The numbers in these two arrays are equal respectively.

∴ One of A+B and A is 0, and one of ba and B is 1, but if a=0, ba is meaningless.

∴a≠0, only a+b=0, which means a=-b, so Ba =- 1. Only b= 1, so A =- 1.

∴ Original formula = (-1) 2000+12001=1= 2.

So the answer is: 2.

4. Let α, β be rational numbers and γ be irrational numbers.
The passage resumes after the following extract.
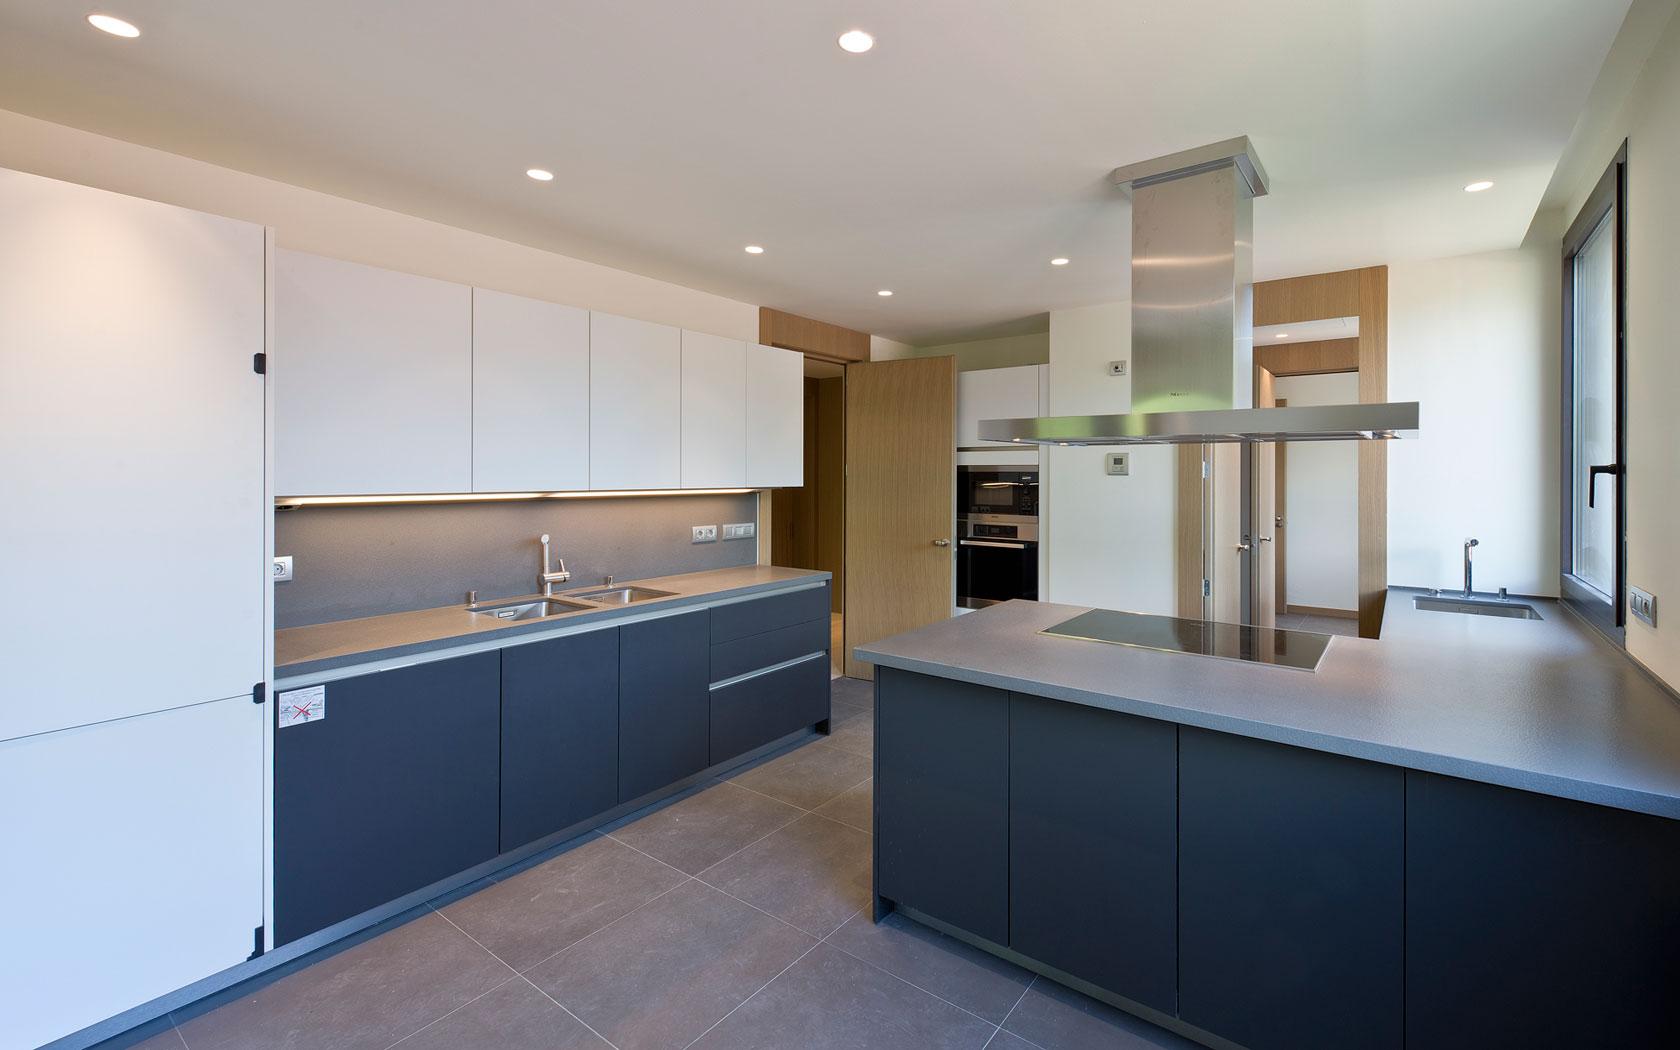 Apartment for Sale at Exclusive development in Pedralbes Zona Alta, Barcelona City, Barcelona 08034 Spain

If α+βγ=0, it proves that α = β = 0.

Proof: Assuming β≠0,

∵α+βγ=0,( 1)

∴γ=- αβ,

And beta are rational numbers,

∴ γ is a rational number, which contradicts that γ is an irrational number.

The assumption of ∴ is not valid.

∴β=0.

Substituting (1), α=0,

∴α=β=0.

5. Prove that 3 is an irrational number.

Proof: Suppose 3 is a rational number.

∫ 1 < 3 < 2, ∴ 3 is not an integer,

Then there are two coprime positive integers p, q, so that 3= pq,

So p = 3q.

Square both sides to get p2=3q2. ..

3q2 is a multiple of 3,

P2 is a multiple of 3,

And ∵p is a positive integer,

P is a multiple of 3.

Let p=3k(k is a positive integer) and substitute it into the above formula to get 3q2=9k2.

∴q2=3k2，

Similarly, q is a multiple of 3,

This contradicts the assumption that P and Q are coprime.

Suppose 3 is a rational number.

So 3 is an irrational number.

6. If two real numbers A and B make a2+b and a+b2 rational numbers, then this pair of numbers (a, b) is harmonic.

① Try to find a pair of irrational numbers to make (a, b) harmonious;

② Prove that if (a, b) is harmonic and a+b is a rational number not equal to 1, then both A and B are rational numbers;

③ Prove that if (a, b) is harmonic and ab is rational, then A and B are rational;

Solution: ① Suppose a= 2+ 12 and b= 12- 2, then A2+B = (2+12) 2+12 =12.

A+B2 = 2+12+(12-2) 2 =114 is a rational number.

Therefore, (a, b)=( 2+ 12, 12- 2) is harmonious;

② it is known that t = (a2+b)-(a+B2) = (a-b) (a+b-1) is a rational number, and a+b=s is a rational number.

So a-b= ta+b- 1, and a= 12(s+ ts- 1) are rational numbers.

Of course, b=s-a is also a rational number;

③ If a+b2=0, then b=- ab is a rational number, and a=(a+b2)-b2 is also a rational number.

If a+b2≠0, it is known that x= a2+ba+b2= (ab)2+ 1bab? 1b+ 1 is a rational number, and y= ab is also a rational number.

So 1b= y2-xxy- 1, so b= xy- 1y2-x is a rational number.

So a=(a+b2)-b2 is also a rational number.